For the first defection campaign, dubbed Operation Christmas, the Colombian ad firm loaded two Black Hawk helicopters with thousands of LED Christmas lights and decorated a seventy-five-foot-tall tree in the walking path of soldiers living in the main FARC camp. The lights were hooked up to a motion sensor, and when a soldier passed in the night, the tree burst into blue light with a sign saying: If Christmas can come to the jungle, you can come home. Demobilize at Christmas. Everything is possible. They’d lit nine more trees in other strategic locations, and defections had increased by 30 percent that year. More than three hundred of the defectors said that the Christmas messaging had motivated them to reclaim their freedom and the warmth of their homes.

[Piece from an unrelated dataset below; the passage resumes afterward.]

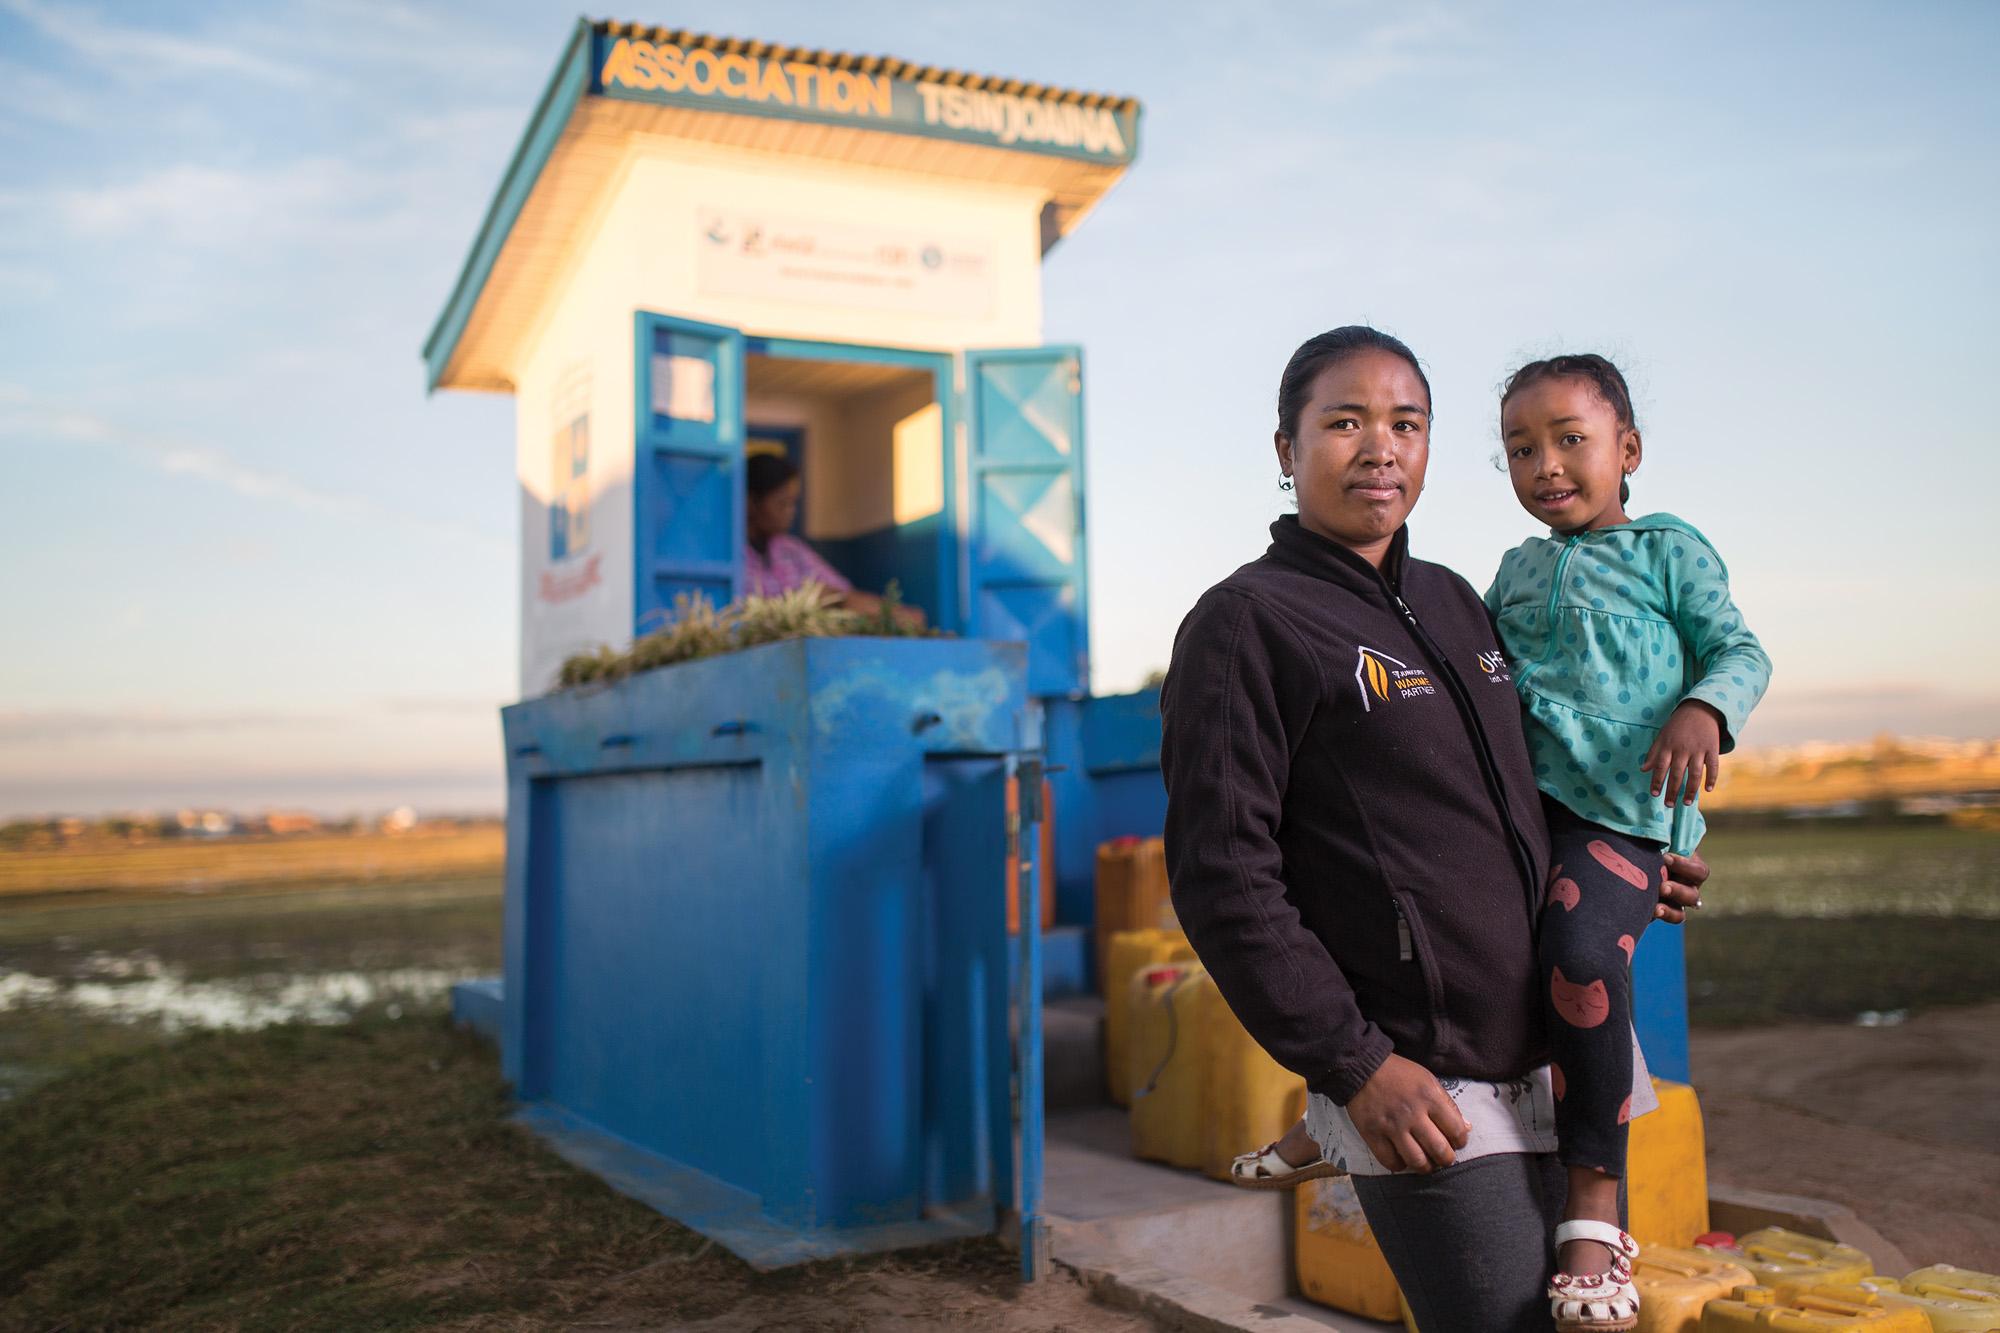 Water kiosk customer Antananarivo
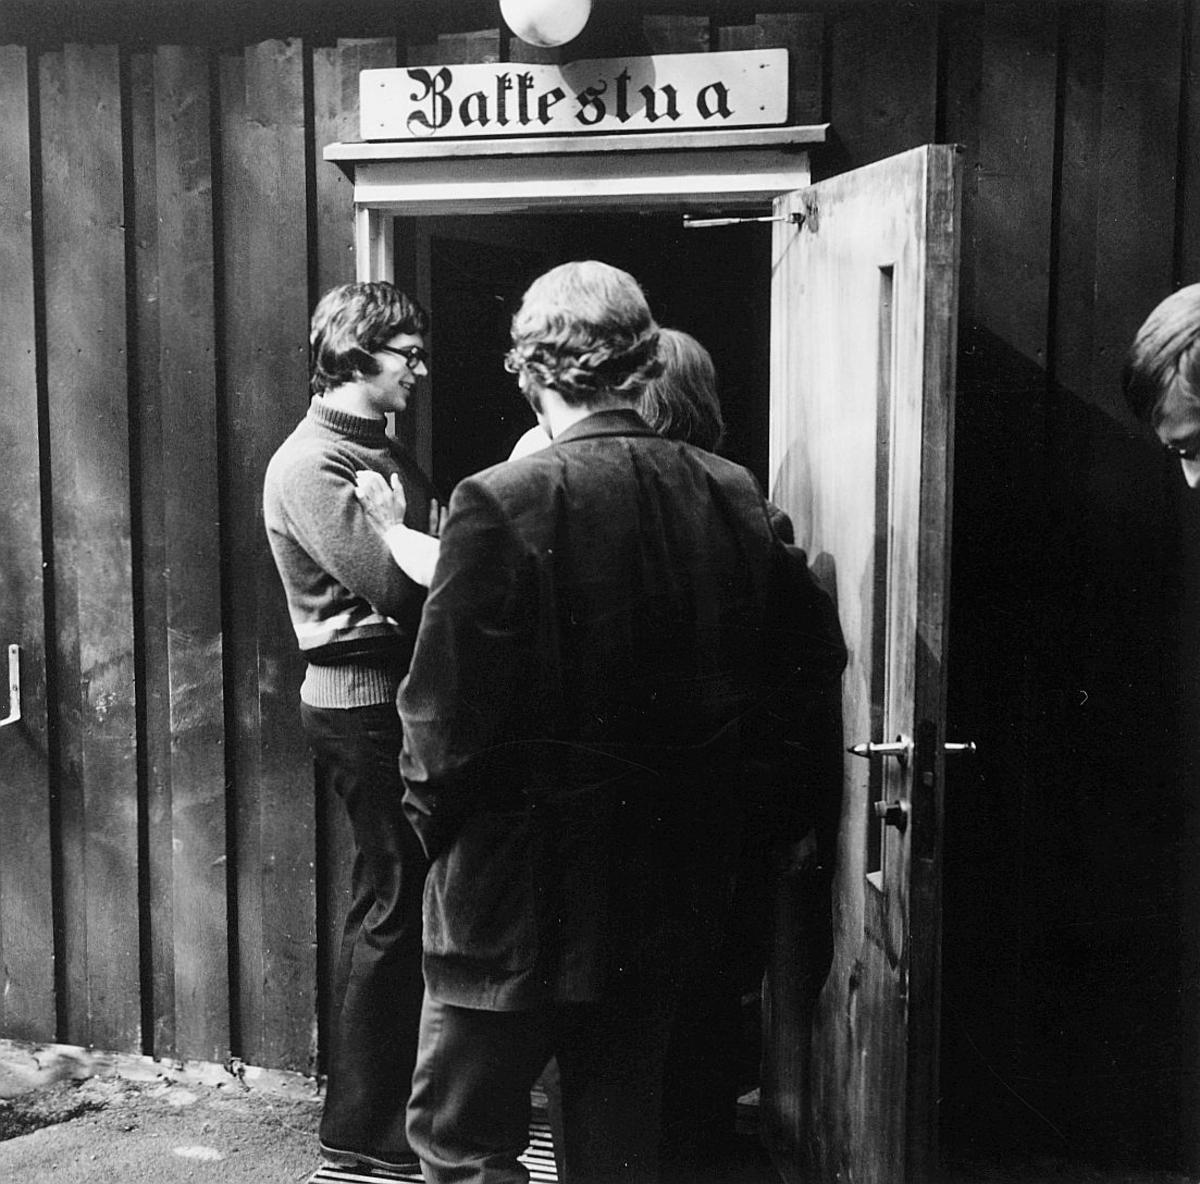 postskolen, Sjøstrand bad, april 1974, inngangspartiet, kaffestua, 3 menn

The following year, for Operation Rivers of Light, they’d made the campaign even more personal, using the national army’s radio station to invite mothers and fathers, husbands and wives to send loved ones in the FARC an individual Christmas message. Thousands wrote personal notes and gathered keepsakes, placing them in watertight, LED-lit capsules that the army set floating on the rivers near FARC bases. Colombia and your family are waiting for you, the rivers of light said. Your country and your family will welcome you with open arms.
We already knew that an LRA combatant’s defection rarely had a single catalyst. It took more than one isolated message to counter years and years of indoctrination. To cut the snake off the head, we’d need to pace ourselves and be ready to play the long game. Laren and his wife, Courtney, had already moved to Uganda to live closer to Laren’s work in the field. We agreed that we would both take more rotations with our families to avoid burnout. And we decided to expand our team by hiring Adam Finck, who had already partnered with us on the Early Warning Network and piloting defection campaigns. He would help us develop a more robust defection strategy.
* * *
—
“Taking the LRA down from the inside out is going to require better intelligence,” Colonel Kabango said from across the table in the command tent. “And from here on out, I’m not going to rely on anyone else’s intelligence about the LRA. I want to focus on getting our own.”
More defections would thin the ranks of the LRA and also provide the Ugandan military with current intelligence on the LRA’s locations, movements, tactics, and command structure. But we needed to further bolster the Ugandan military’s capacity to gather and analyze intelligence. Colonel Kabango said he planned to recruit informants who traded with the LRA. Then he eyed the bulky HF radio sitting in a dark corner of the tent.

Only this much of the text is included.